My son was volunteering regularly at the Monday Meal as his social action project in preparation for his Bar Mitzvah in the fall of 2011. As part of that effort, I joined him one Sunday a few weeks before his big day where we and other Temple members harvested leftover vegetables from community gardens on the South Side to use as ingredients for the next day’s Monday Meal.
That Monday, Cole and I delivered the fresh-picked cherry tomatoes, giant kale, zucchinis and more to Temple Sholom for the minestrone soup and salad that would be part of that evening’s Monday Meal. I stayed to help cook. I remember opening a large can of tomato sauce for another course and looked around for a recycling bin. One of the regulars told me, “Just toss it in the trash.” A staffer will pick out the recyclables later and place them in a separate bin, he promised. My first thought was, “Yeah, right, like that’s going to happen!” My second thought was, “We need to fix this!”
As a family, we decided to make our donation to the Temple for Cole’s Bar Mitzvah as something to help the Monday Meal become a little friendlier to the planet. We heard better recycling was in the works, so we thought of purchasing re-usable dishes to serve the dinner instead of using hundreds of styrofoam plates each week for the multiple courses served. Styrofoam is one of the worst things you can send to a landfill because it takes about 100 years for it to break down.
Rabbi Shoshanah Conover appreciated our gesture, but suggested we wait.

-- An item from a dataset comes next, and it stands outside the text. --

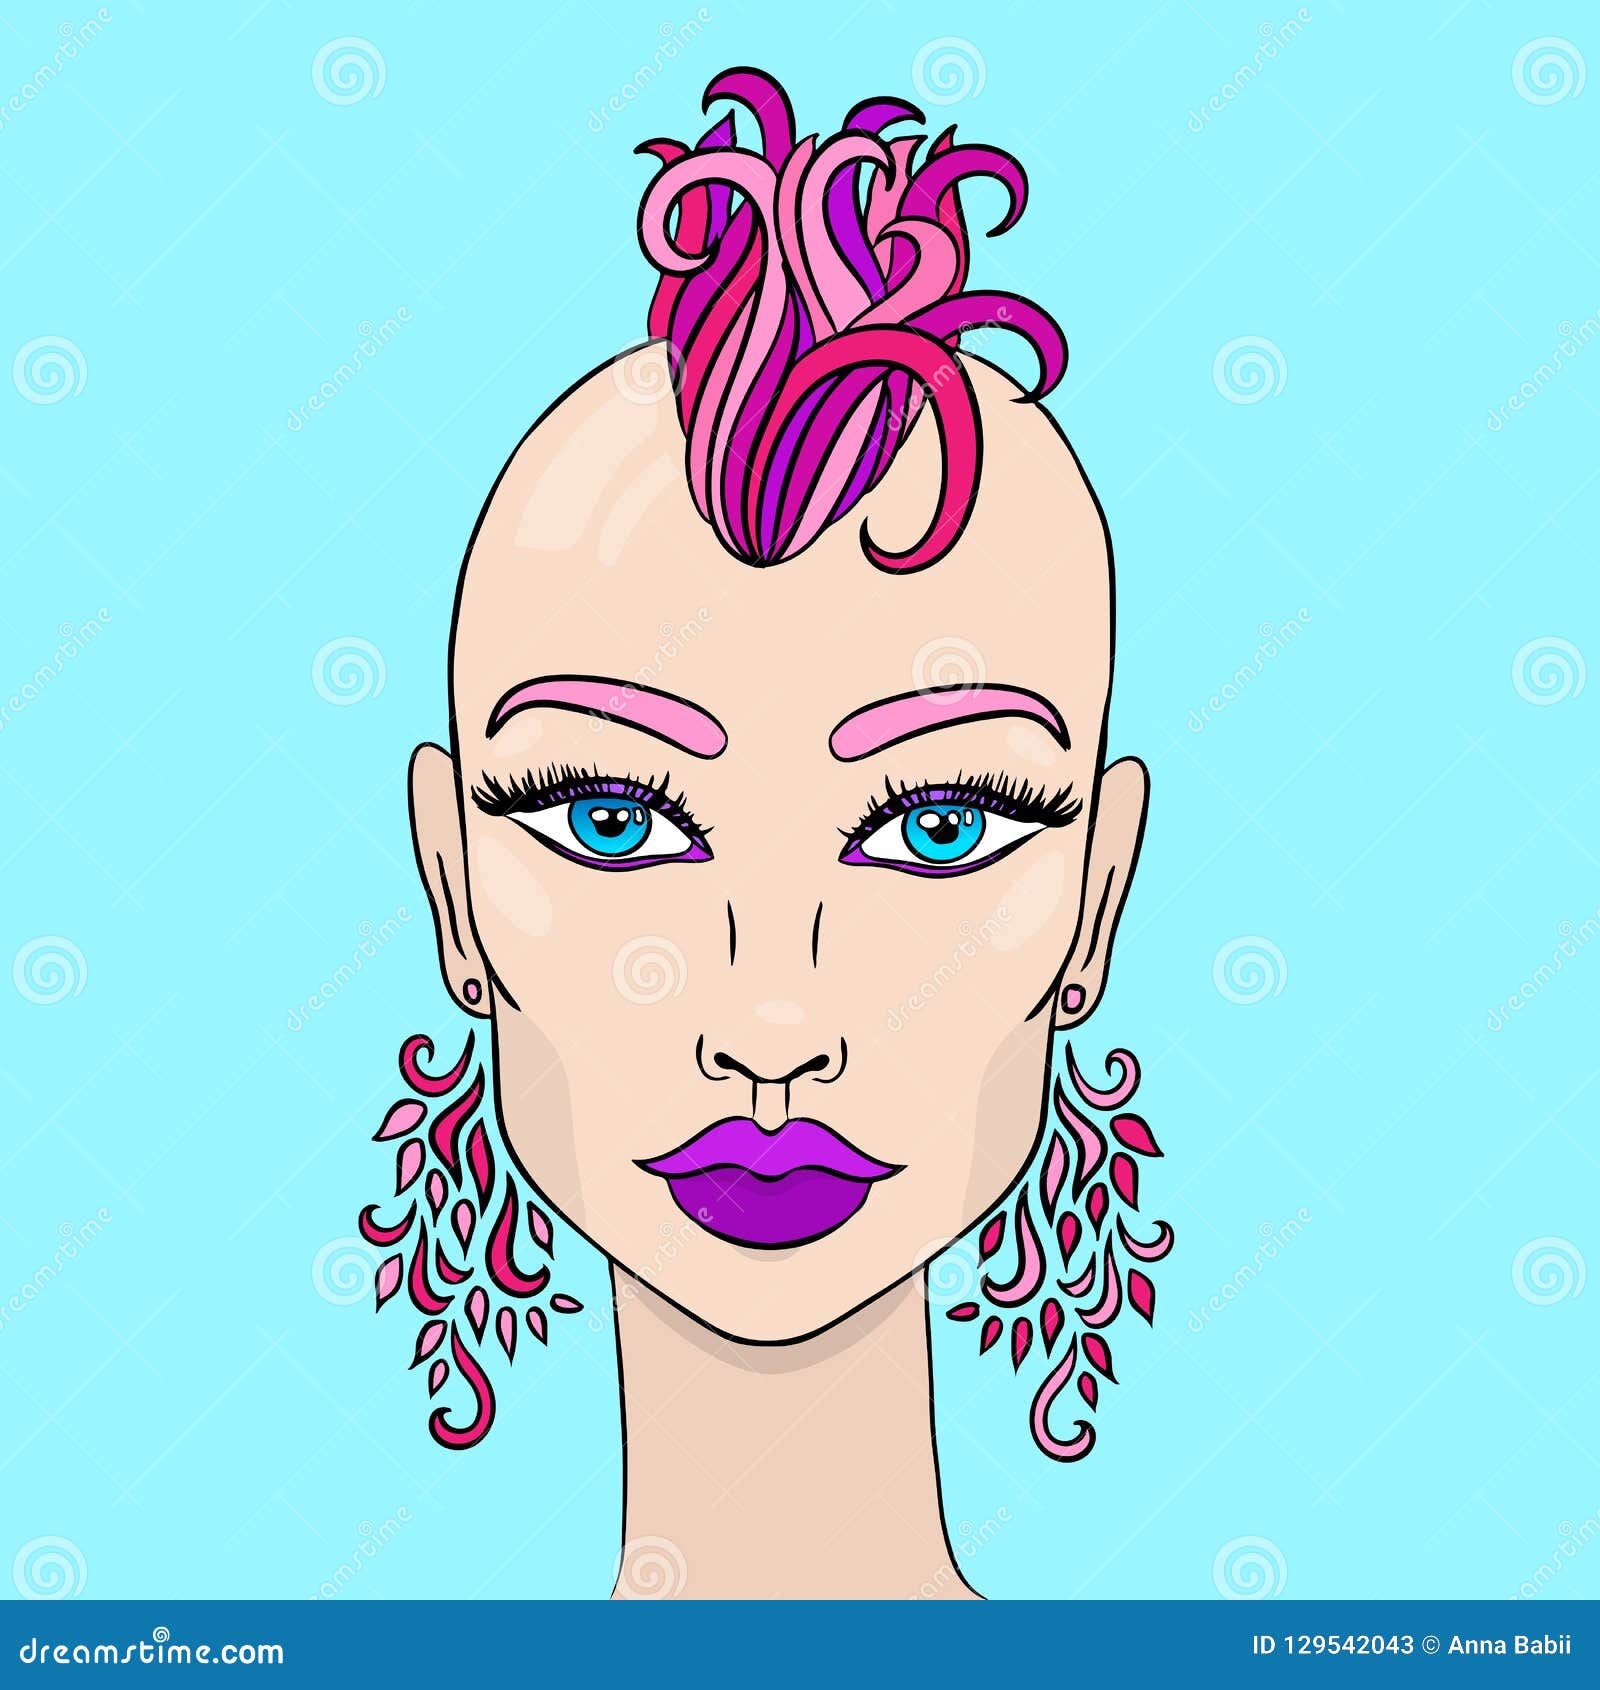 Doodle Girl With Shaved Head And Earrings.

She said there was a bubbling up of interest to transform our Temple, its programs and hopefully our members into becoming better stewards of the environment in accordance with Jewish values. There was talk of forming a new green committee. I told her I was eager to be part of that core group.
Fast forward a year later. In the fall of 2012 I was among a small group gathered around the kitchen table at Karen Lewis’ house. That was one of the first meetings of the newly-formed green committee — Eco Chavura. In the last few months, the group has grown and we’ve launched some major eco-minded improvements.
Some of our eventual goals for the Monday Meal include: having a full-blown recycling program in the kitchen and dining areas; serving food on re-usable plates; composting all food scraps and compostable items; and sourcing more food from local growers.
I finally found my path to be more deeply connected to Temple Sholom in a way that reflects some of my own core values of what it means to be a Jew and a good citizen of our planet. Maybe this could be your way to get more engaged as well.